On the eve of the new millennium, Hank, the Angry, Drunken Dwarf just may be the world's quintessential celebrity--an example of the fame game run amok and of its utterly strict requirements.

On one hand, he's a guy who stumbled his way onto the Howard Stern radio show one morning--and, thereafter, stumbled into cult status. (Named the Most Beautiful Person in the World, per a 1998 People online poll.)

And on the other hand, he's a guy with an undeniable gimmick: Namely, he's an angry, drunken dwarf. In billing, at least.

"I'm not always that angry," 4-foot, 1-inch Hank says.

And as for being drunk?

"Well, not now. A little bit of a hangover, maybe."

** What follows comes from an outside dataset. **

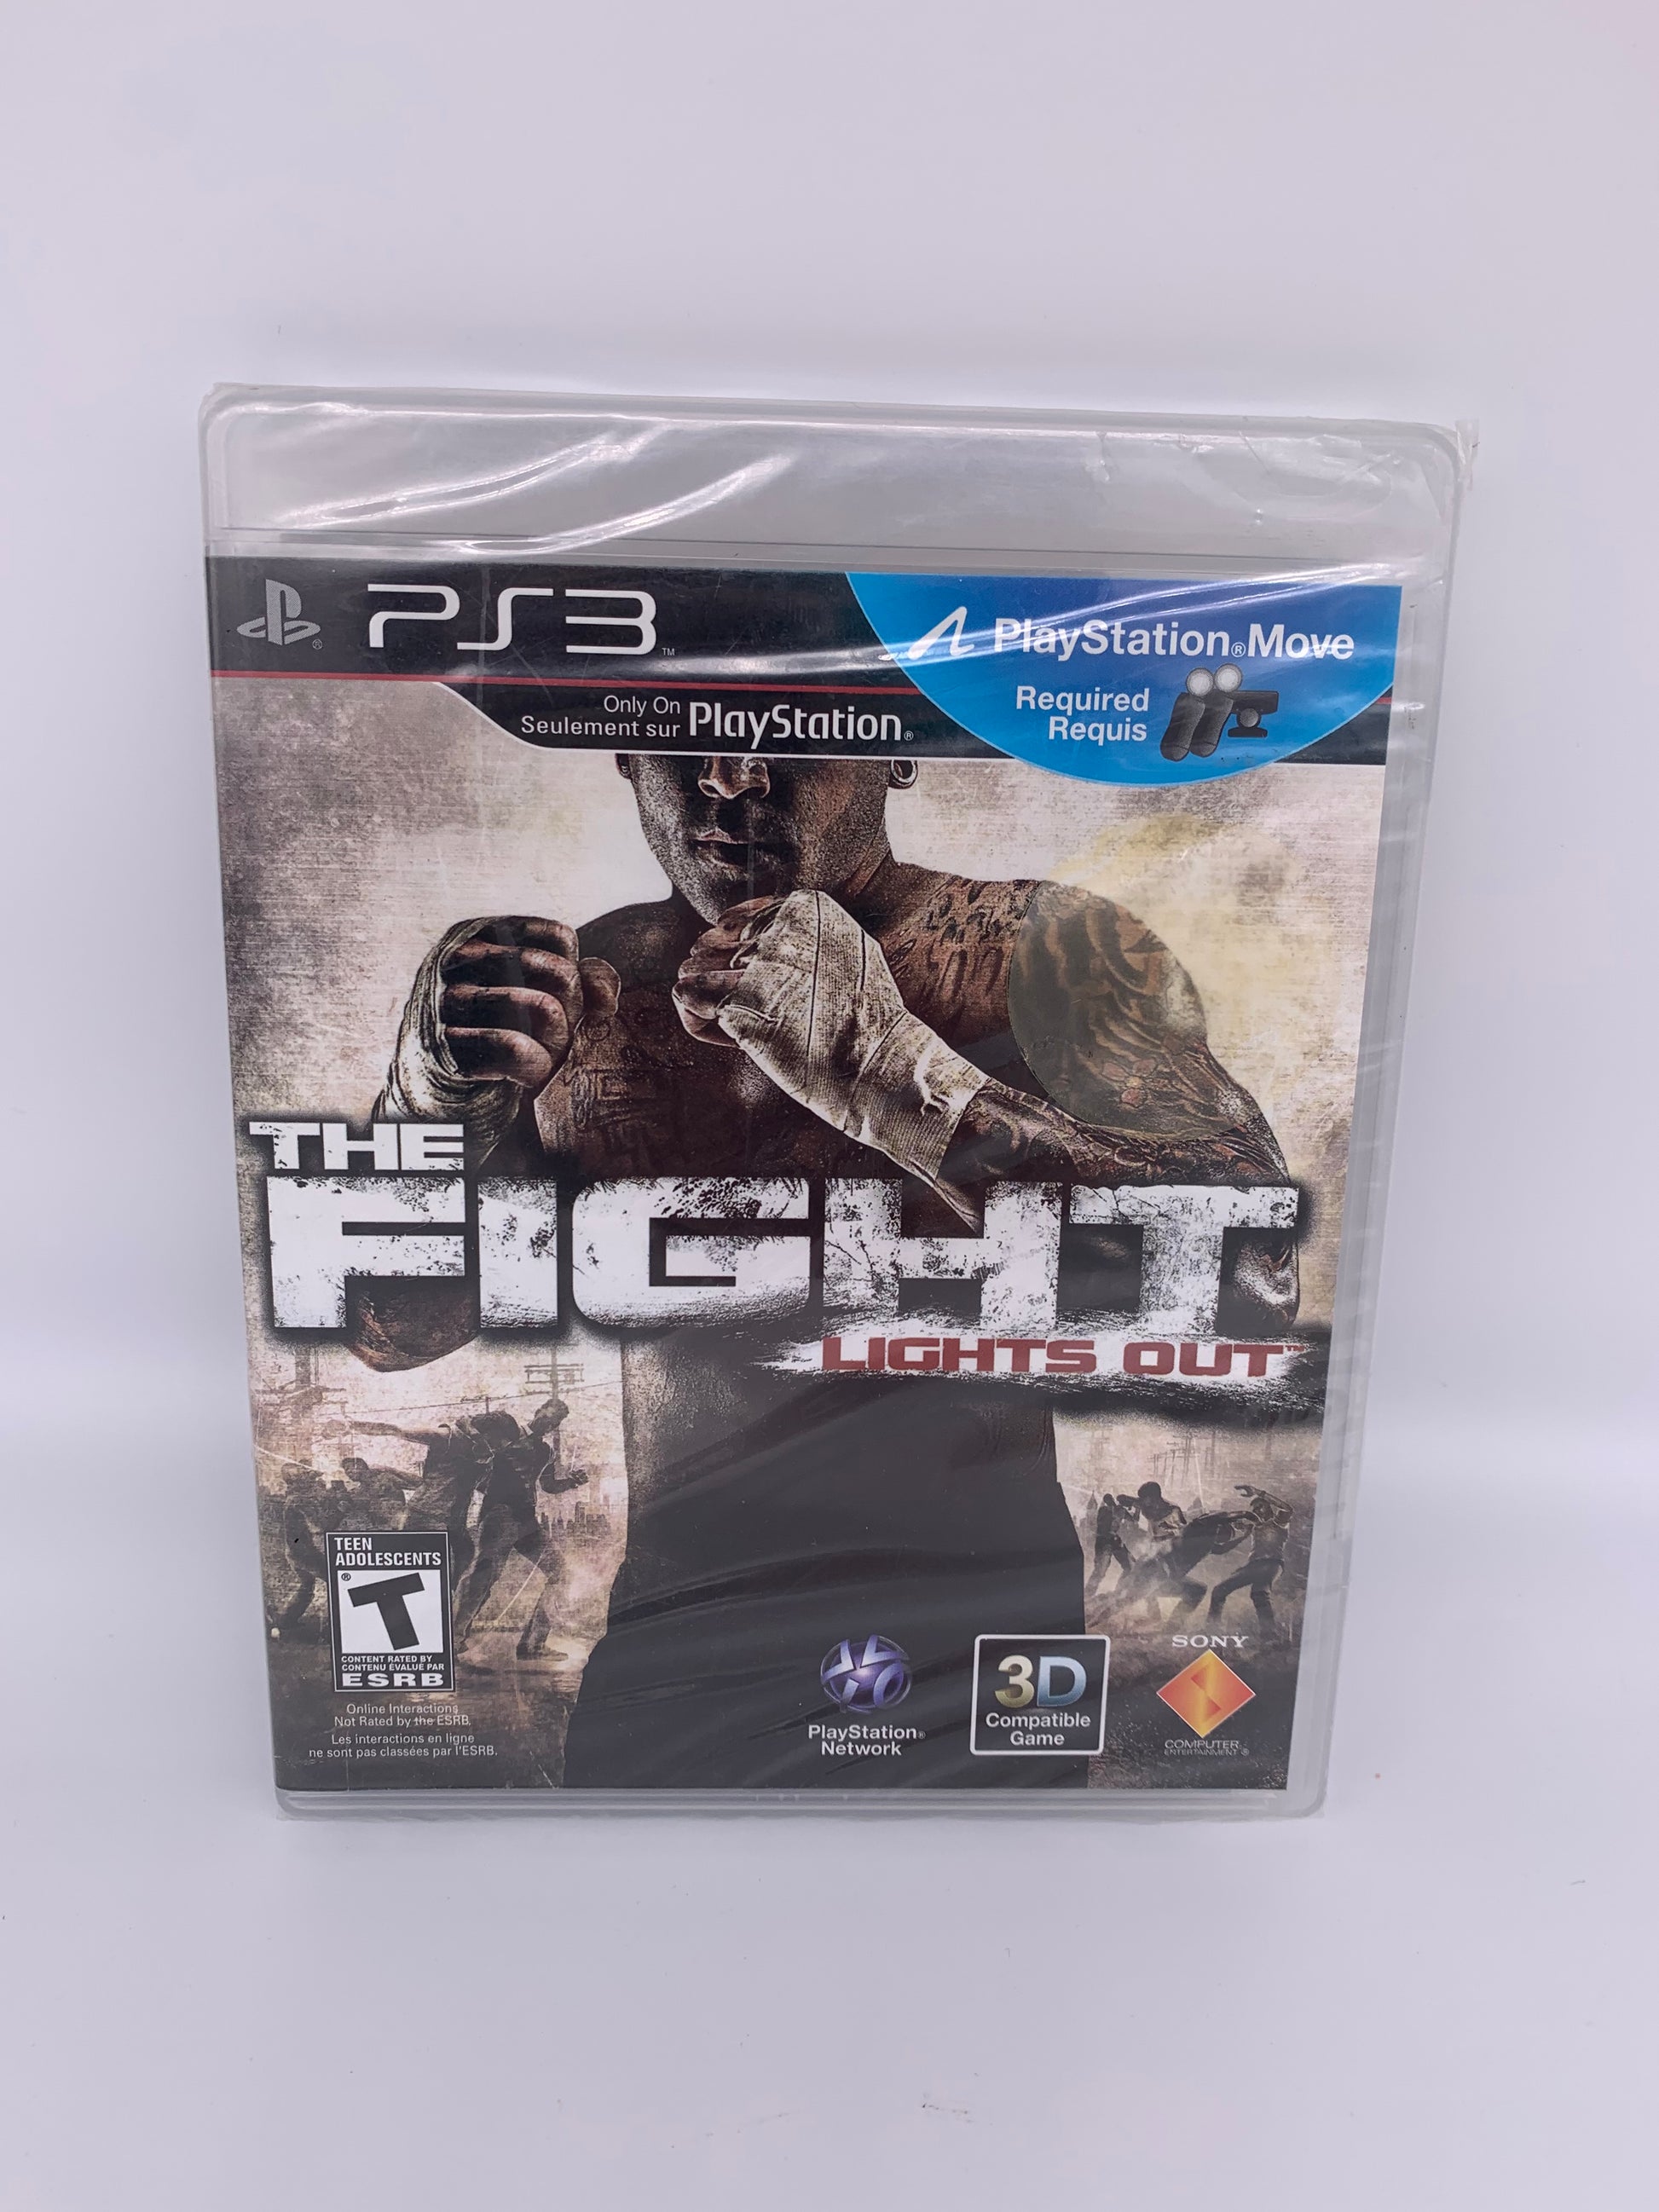 PiXEL-RETRO.COM : SONY PLAYSTATION 3 (PS3) COMPLETE IN BOX CIB MANUAL GAME NTSC THE FIGHT LIGHTS OUT NEW SEALED

However he got there, Hank--aka Henry Nasiff of Massachusetts--is there. Cross-country media appearances, a mini-merchandise line and (but, of course) his very own Website (www.hankthedwarf.com), launched just this month.

What hath Howard Stern wrought?

"I equate [Hank] with the real-life Beavis & Butt-head or the guys from South Park," says manager Doug Z. Goodstein, a producer of Stern's E! TV show. "He's the real deal."

For the uninitiated, Hank is a member of Stern's so-called "Wack Pack," a band of semiregulars who seem just that--semiregular. There's Crackhead Bob, Elephant Boy, Gary the Retard, etc. And, yes, Hank.

Hank's shtick--and they say it's no shtick--is that he's, um, not afraid to express himself (sometimes while outfitted in a pink bunny suit). Example: "I'm not a midget, I'm a dwarf, you asshole."

The road to multimedia fame started on August 16, 1996, when Hank and a friend from Boston dinner theater (yes, Hank was in dinner theater) drove to New York City and decided to try to get on the Stern show. Hank's vigil at New York's K-Rock studios began at about 5:30 a.m.

Was he drunk?

"Yeah," Hank says.

"It was a no-brainer" to roust him for the broadcast, Goodstein says. "There was just a compelling feature of a drunk, belligerent midget." (Er, make that dwarf.)

Since then, Hank, now 37, has made about 20 studio appearances. Last year, Stern faithful helped him trounce the likes of Leonardo DiCaprio in People's online beauty poll--making him a noteworthy blurb in The New York Times and beyond.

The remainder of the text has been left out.